■ Information provided ■

--- START ---

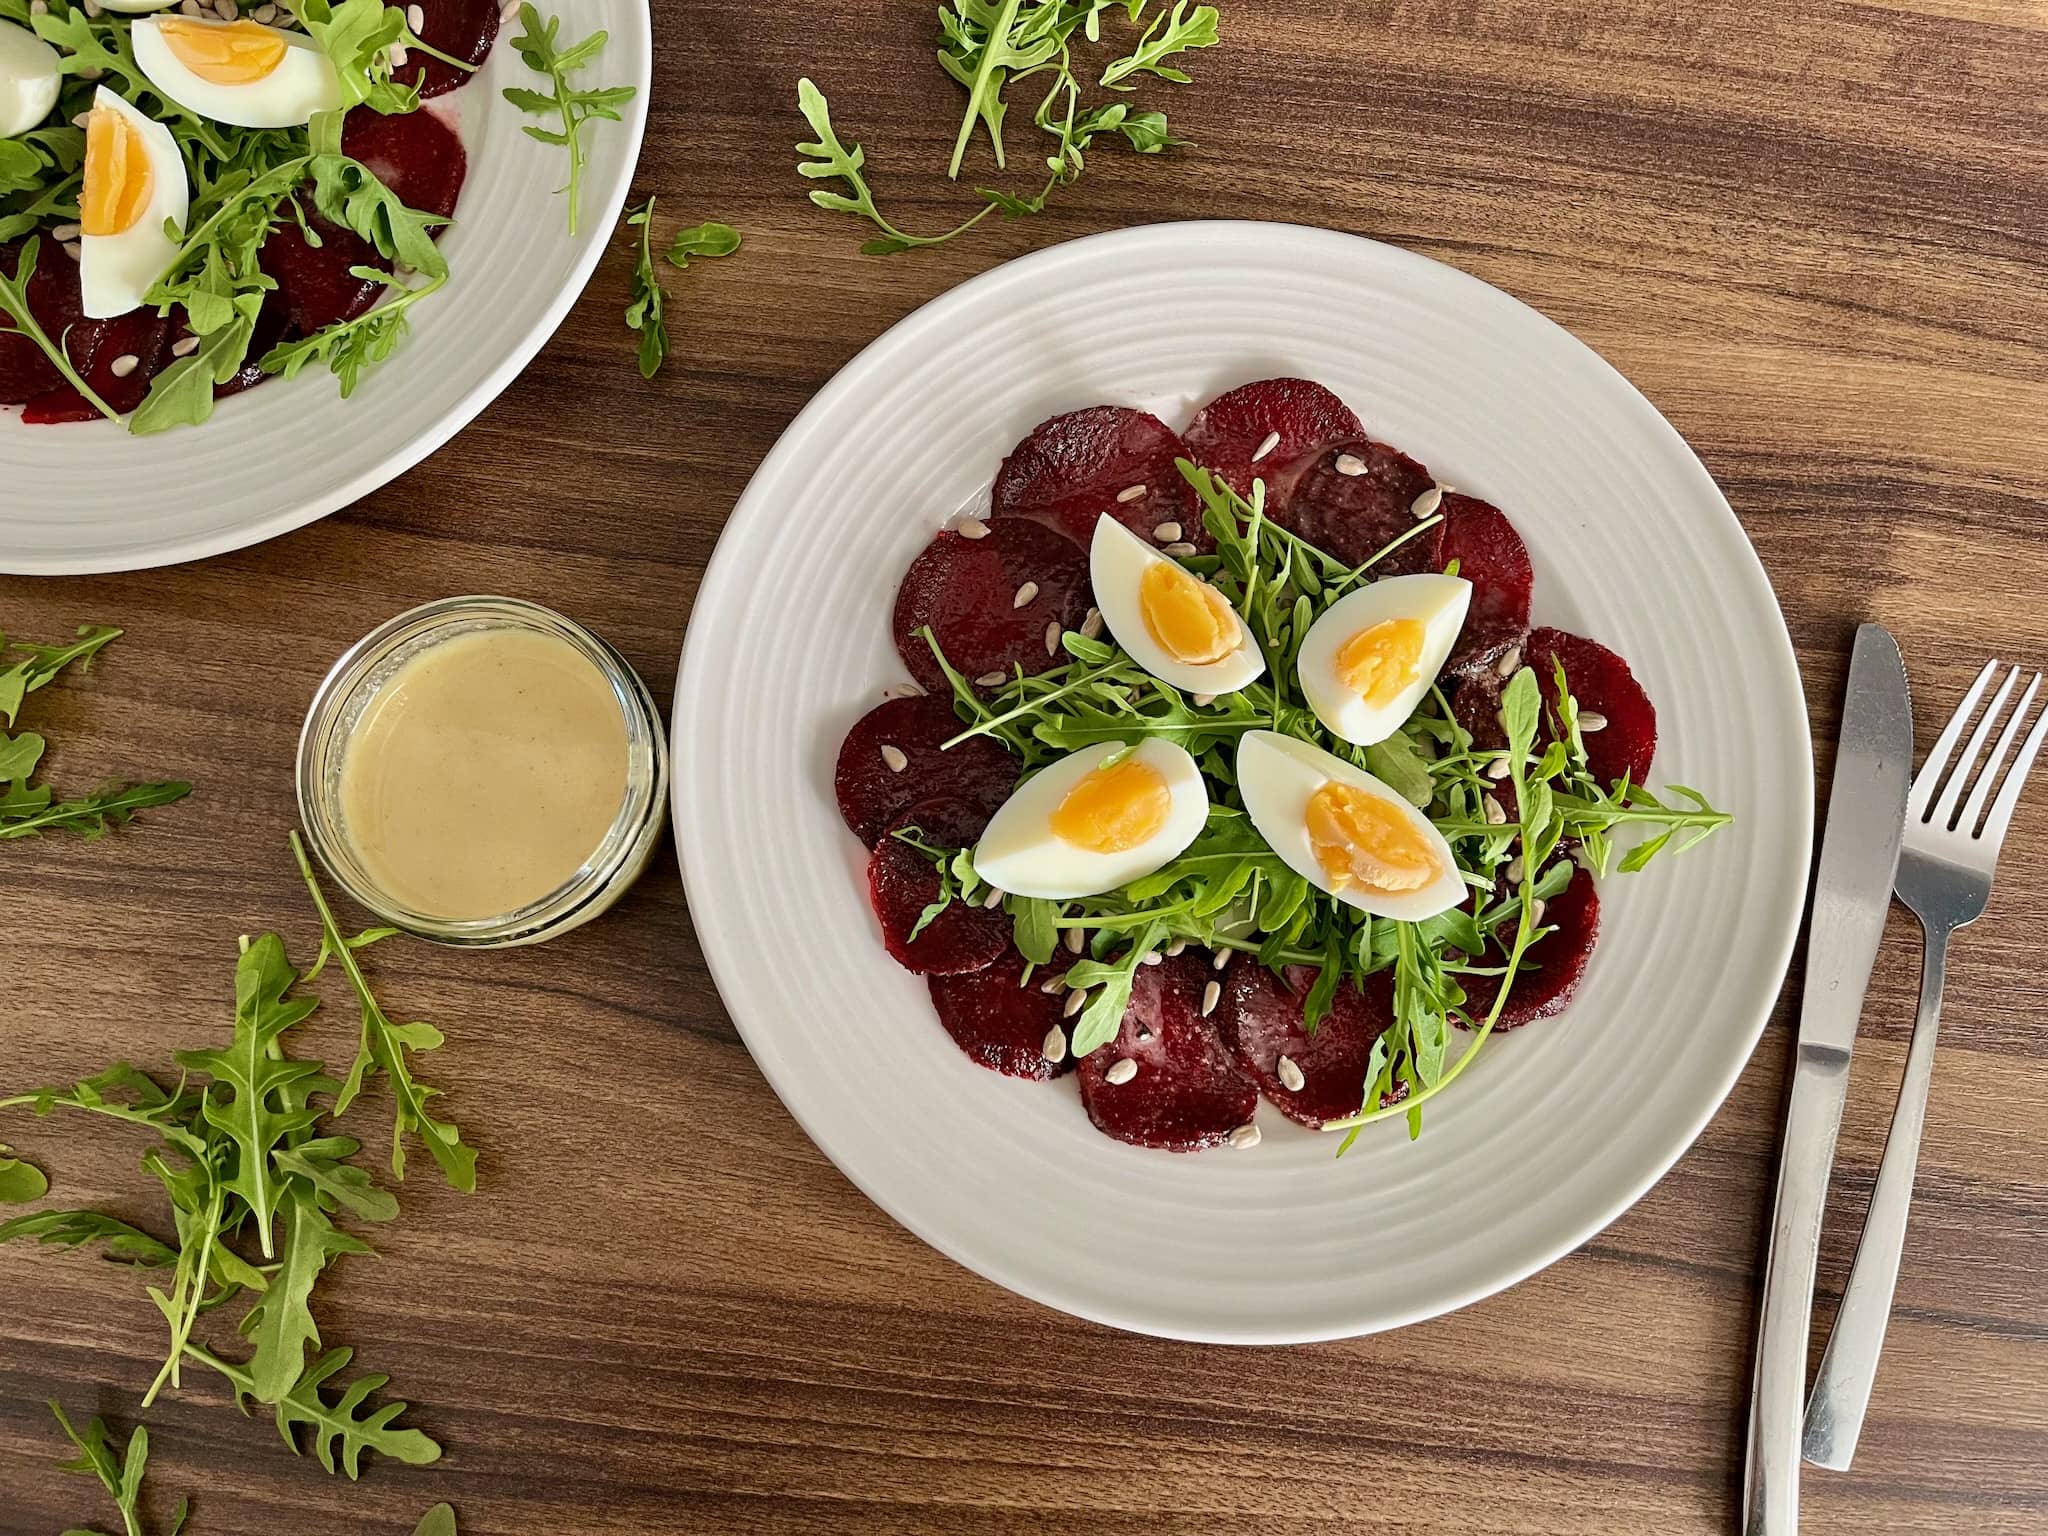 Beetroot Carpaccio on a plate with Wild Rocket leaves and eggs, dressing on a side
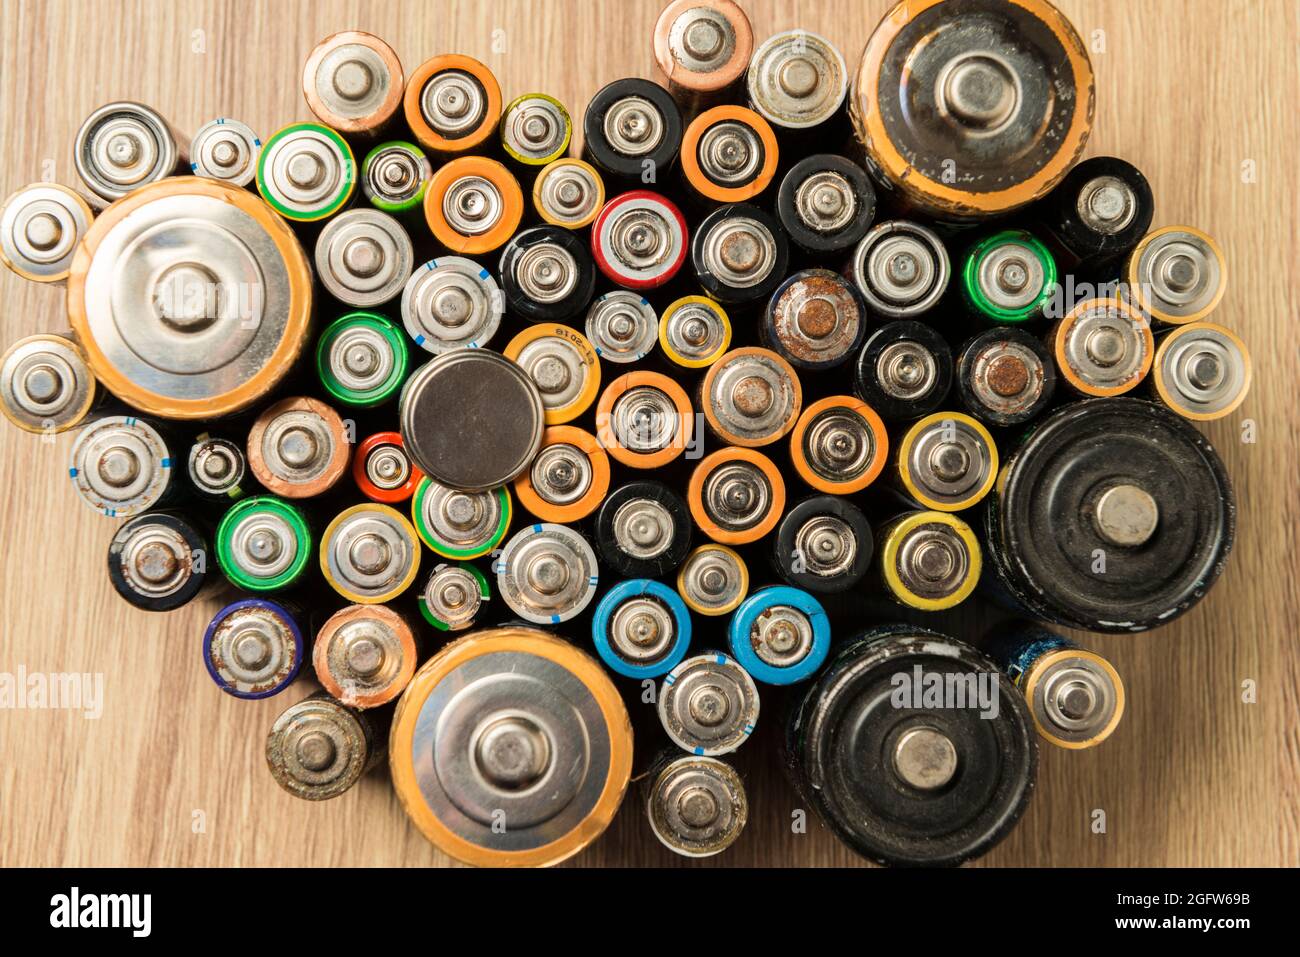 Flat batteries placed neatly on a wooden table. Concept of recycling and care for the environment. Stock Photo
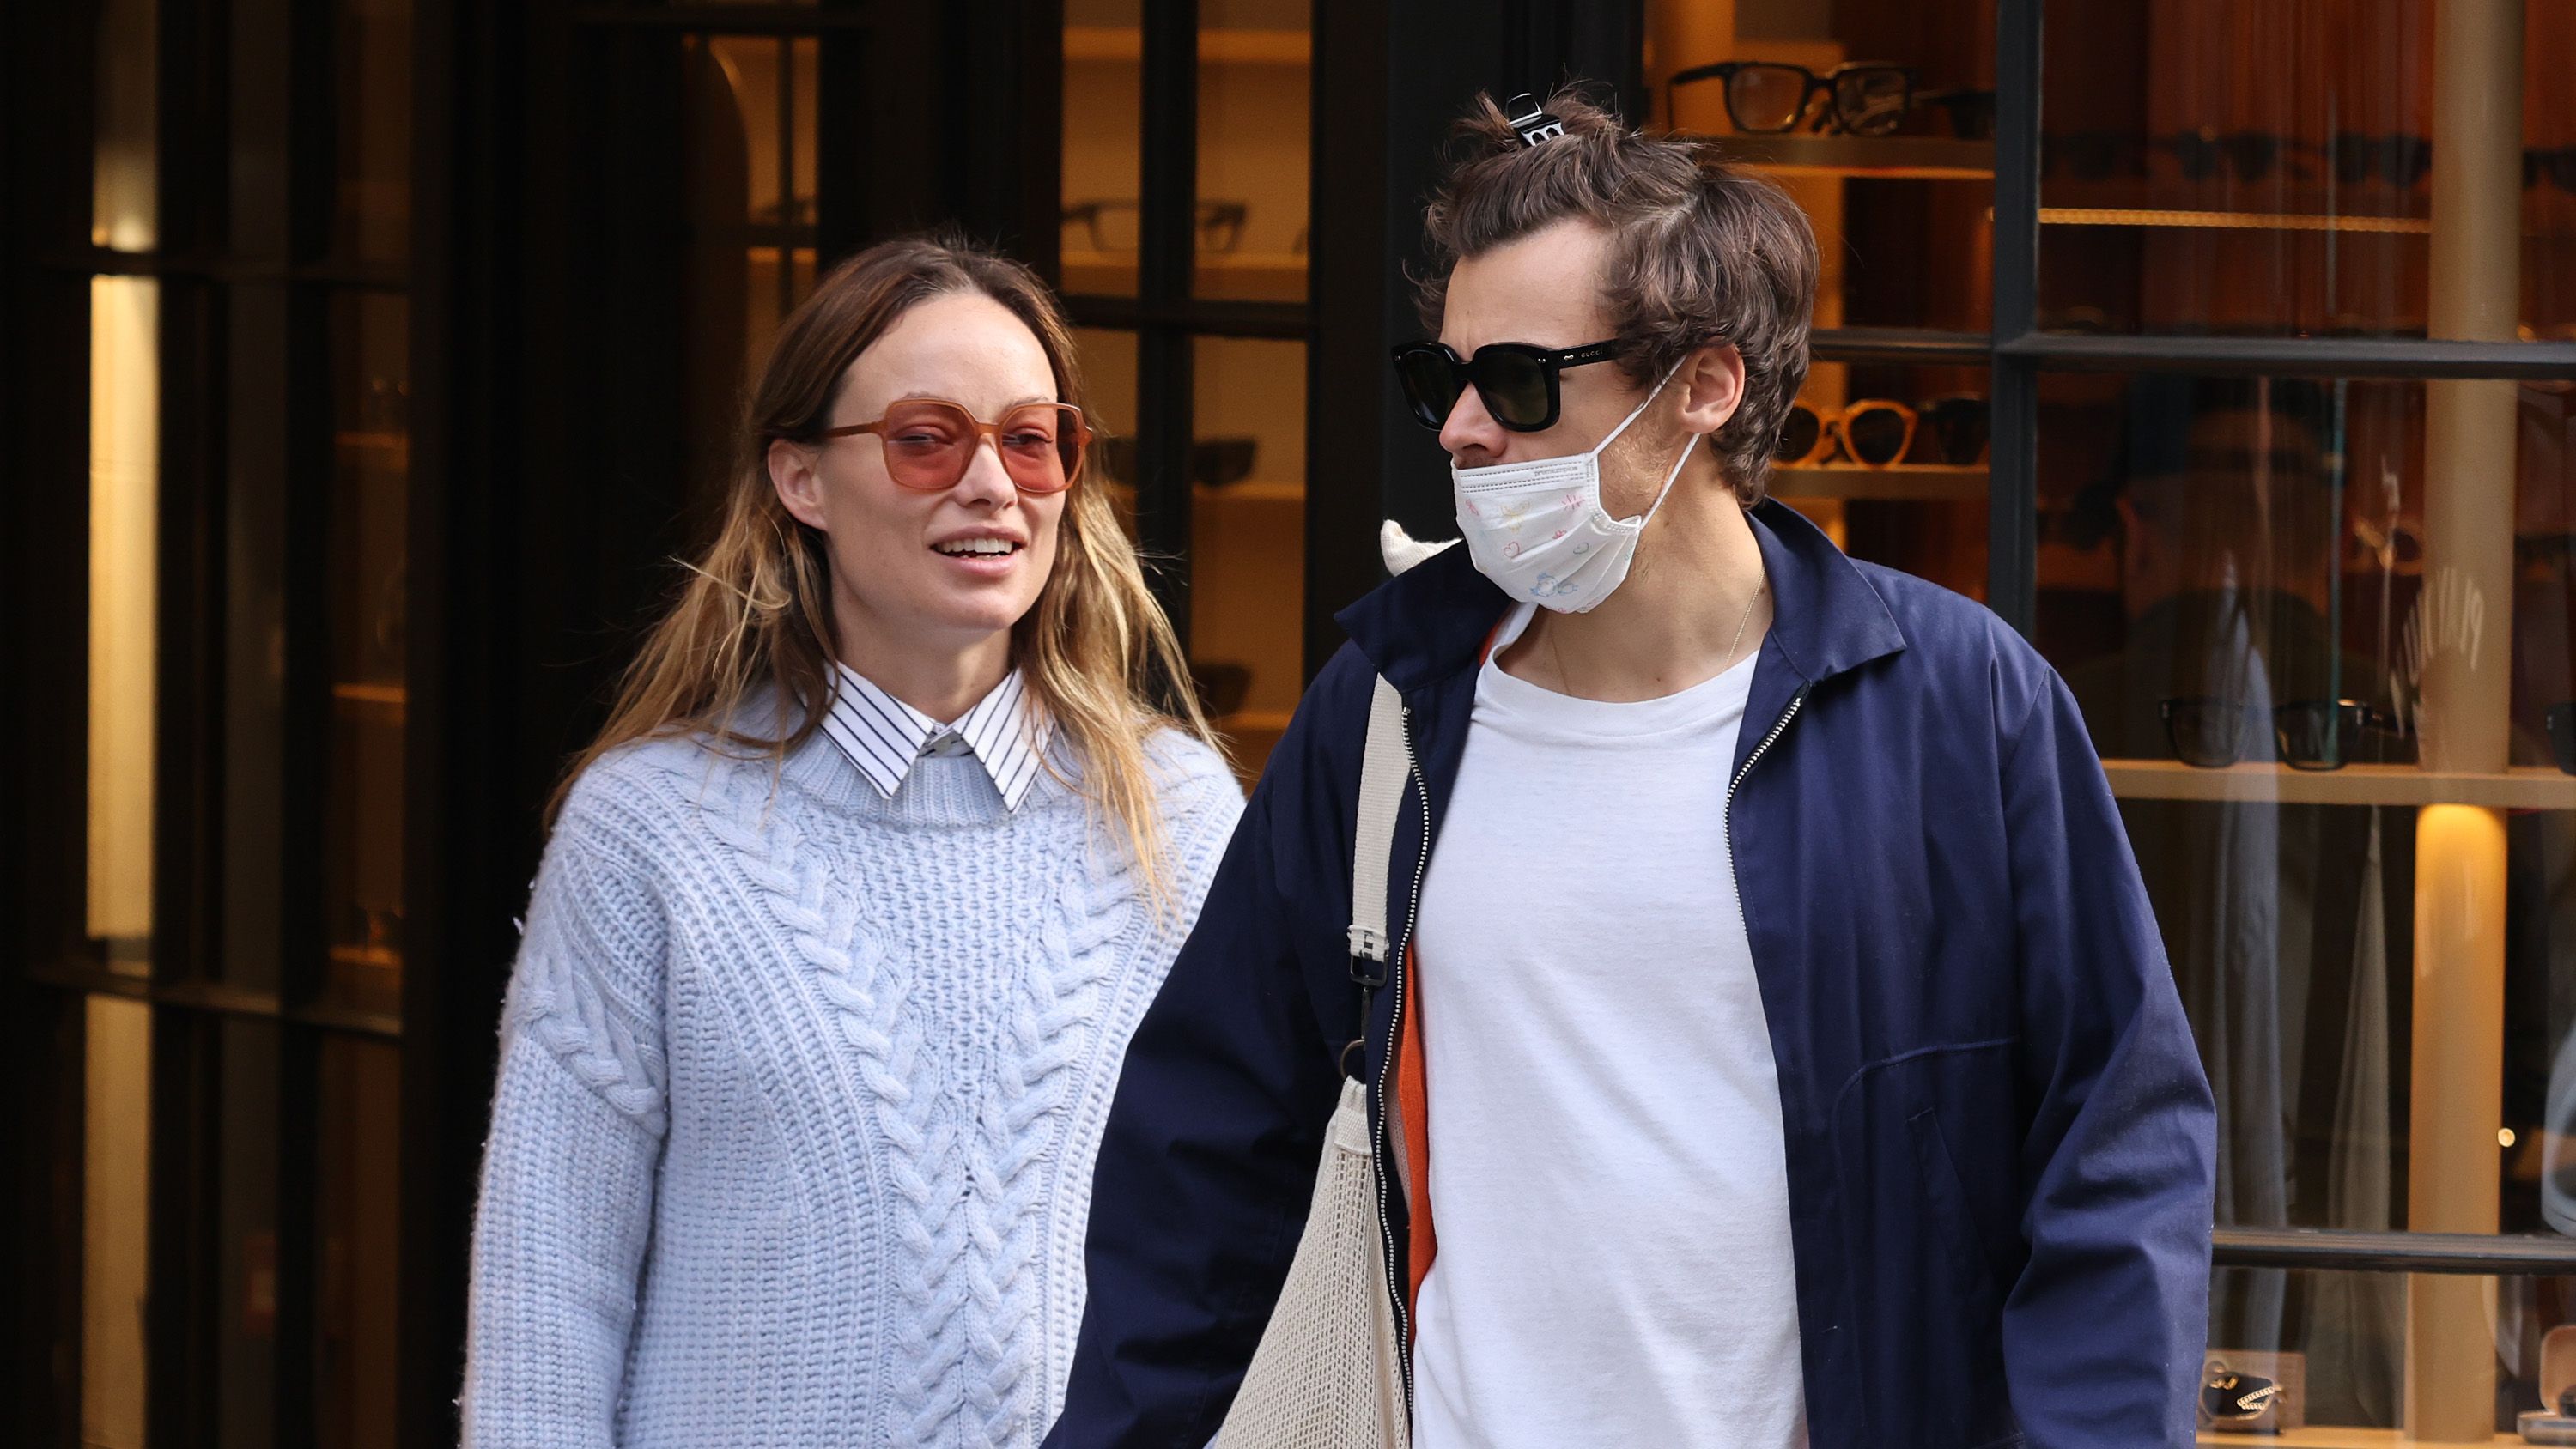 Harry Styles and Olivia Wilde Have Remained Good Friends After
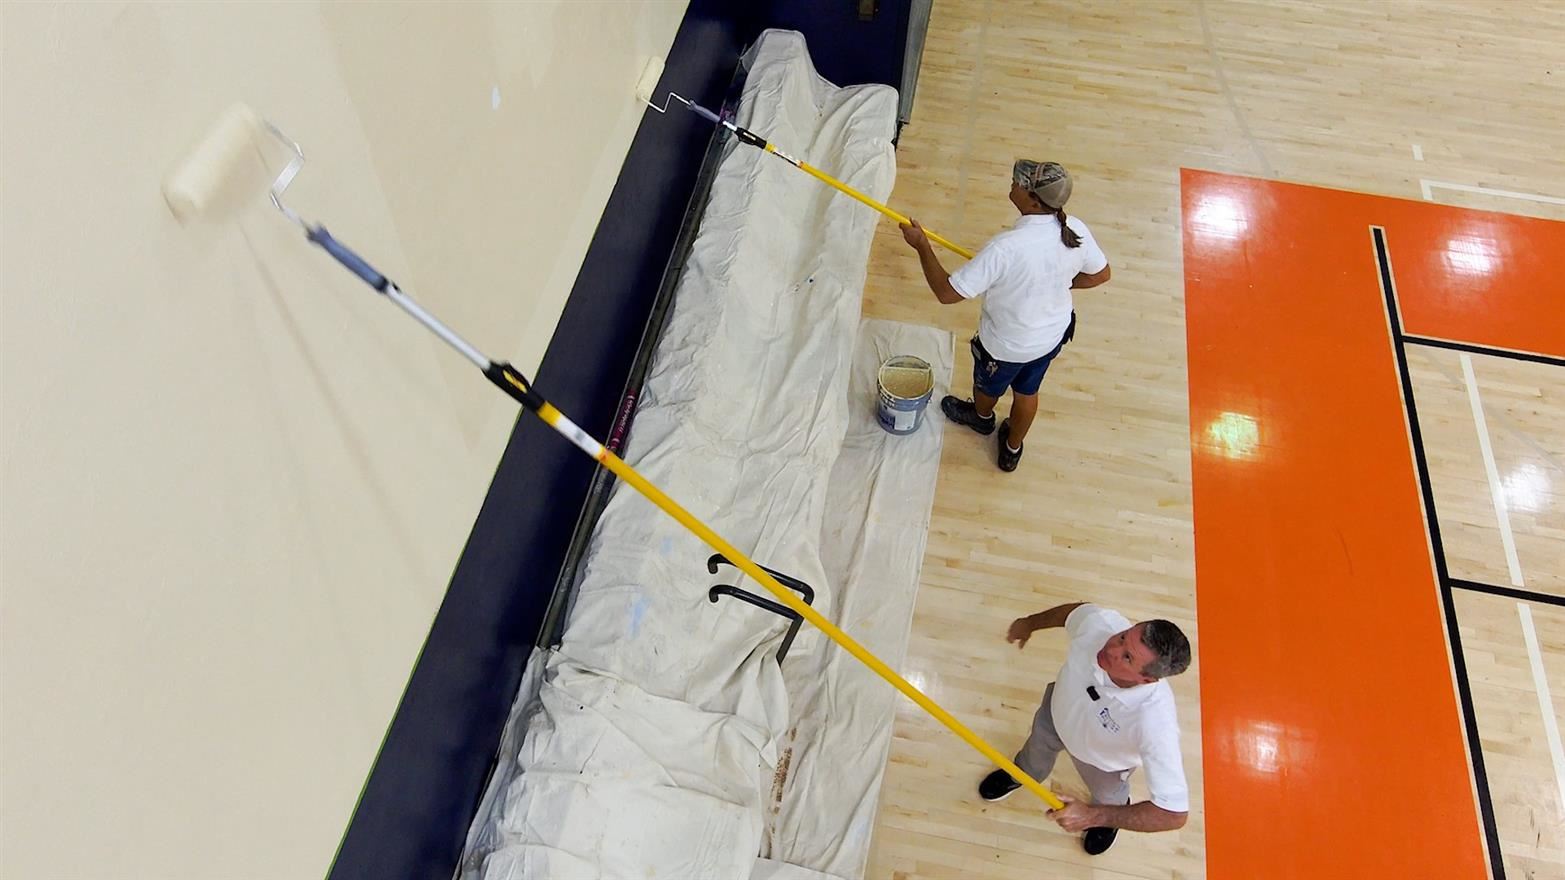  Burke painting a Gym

--- END ---

■ Exercise details ■
Repeat each line above exactly as it reads, omitting any pictures.

■ Task solution ■
 Beetroot Carpaccio on a plate with Wild Rocket leaves and eggs, dressing on a side
 Flat batteries placed neatly on a wooden table. Concept of recycling and care for the environment. Stock Photo
 Harry Styles and Olivia Wilde Have Remained Good Friends After
  Burke painting a Gym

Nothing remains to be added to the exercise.